Zebra Girl – Film Review

Zebra Girl – Film Review
by Hugh Maguire

It is said that you can judge someone’s suitability as a partner by the way they treat the waiting staff in a restaurant on a first date.  In this case, the handsome male love interest Dan (Tom Cullen), who is also academically gifted (if not great at emotional assessment), is so smitten with his date that nothing she says or does seems to cause alarms or raise a red flag!  And Catherine (Sarah Roy) tells him a lot for a first date, enough to make others run a mile.  Dan becomes enmeshed in a relationship with one very troubled individual, who is incapable of trusting or loving anyone!

In this tight, psychological thriller (not without moments of dark, gory humour), we are swept along as the protagonist and her long time friend Anita (Jade Anouka), address the crisis that confronts them.  As they reminisce, and through flashbacks to earlier years, we piece together the cause and source of the ongoing trauma, the evolution of their friendship and how unresolved childhood issues can spill over into adulthood.  The narrative flow is not smooth but this in itself is intentional, highlighting the main protagonist’s addled mind and thoughts, and her essentially dysfunctional state.  All of this is aided and abetted by an edgy score and camera work, which also reflects her mental and emotional state.  Inevitably harrowing, we are in the same setting as classics such as Nicolas Roeg’s Don’t Look Now (1973).  A country idyll along with middle-class affluence and the fabled dream home and marriage can often harbour darker realities and trouble.
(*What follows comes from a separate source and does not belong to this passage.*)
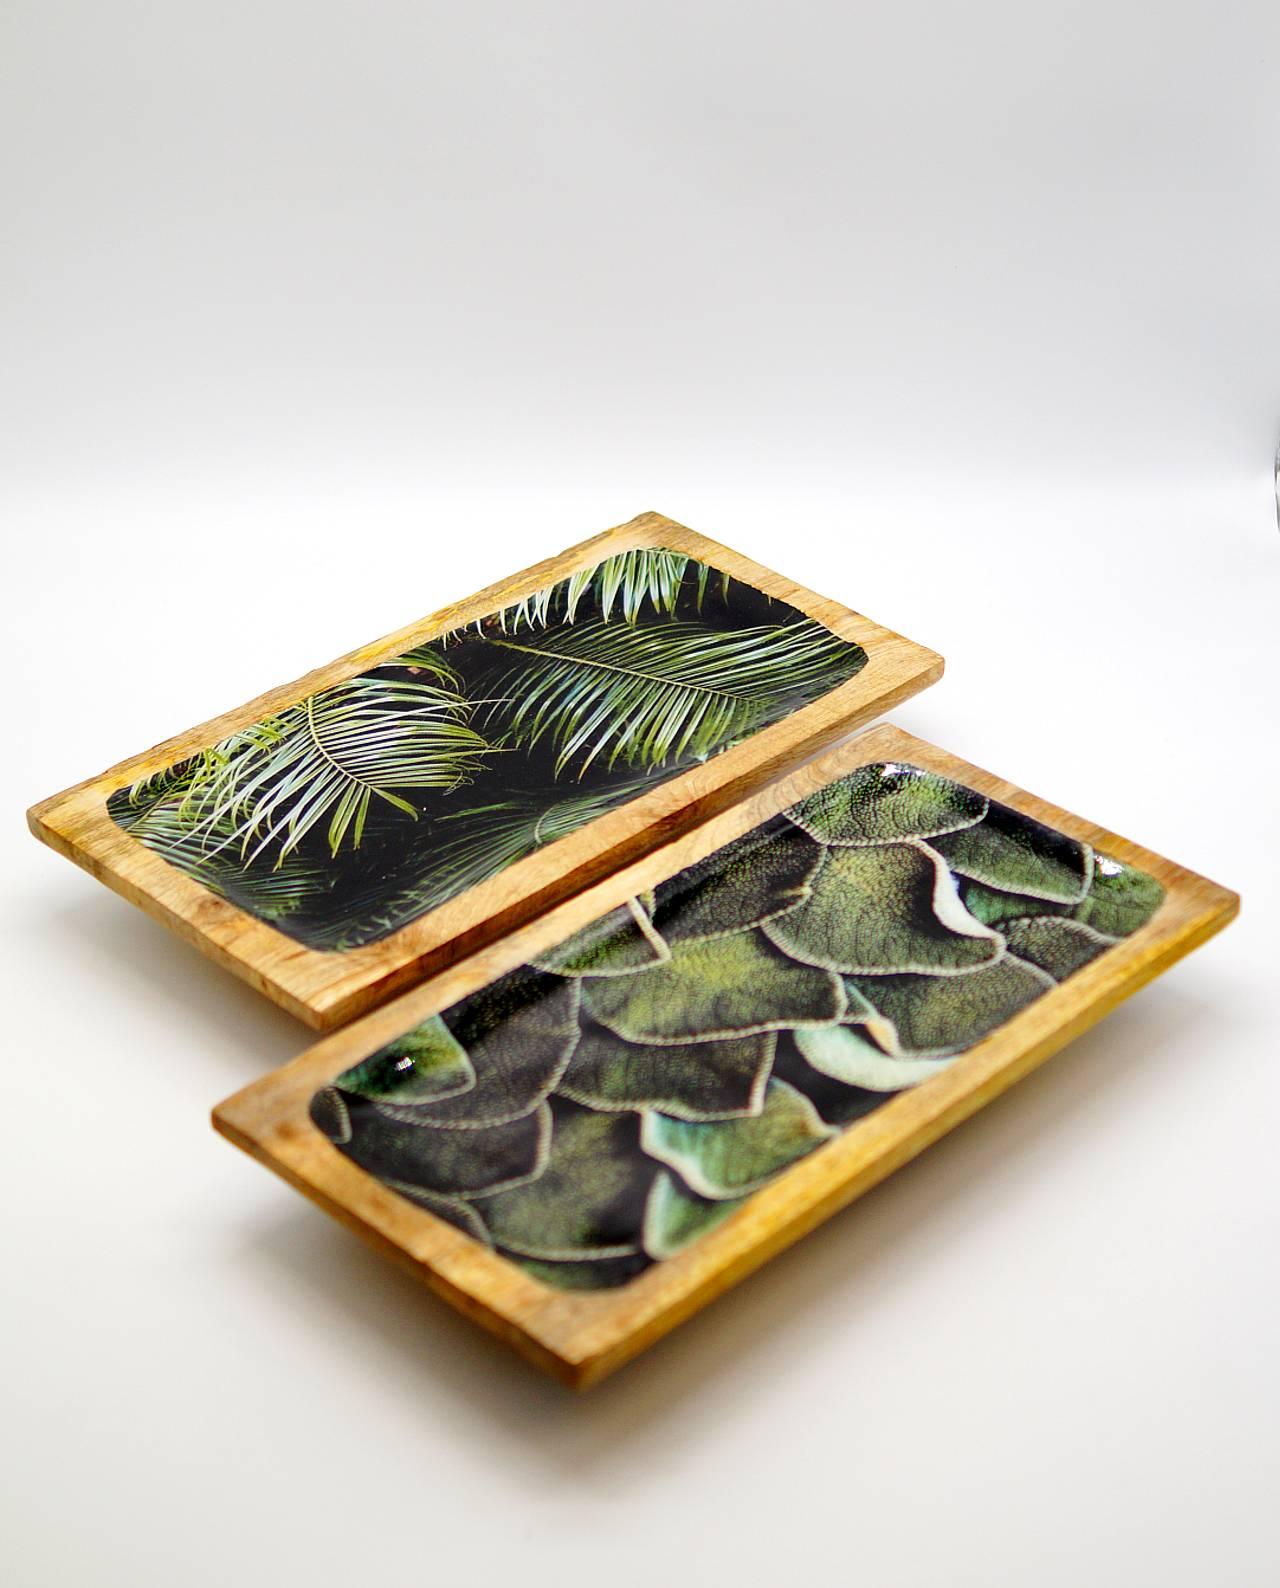 Πιατέλες παραλληλόγραμμες ξύλινες με ζωγραφισμένα φύλλα

Essentially a two-hander, with others filling out the narrative, we are confronted with the shared sense of panic, sympathising with the protagonists on the one hand (what are they going to do) while at the same time rather pitying the partner who has paid the price for that difficult first date.  Even if you are not quite on the edge of your seat, it is nonetheless a capable thriller and that keeps your attention right to the bitter end.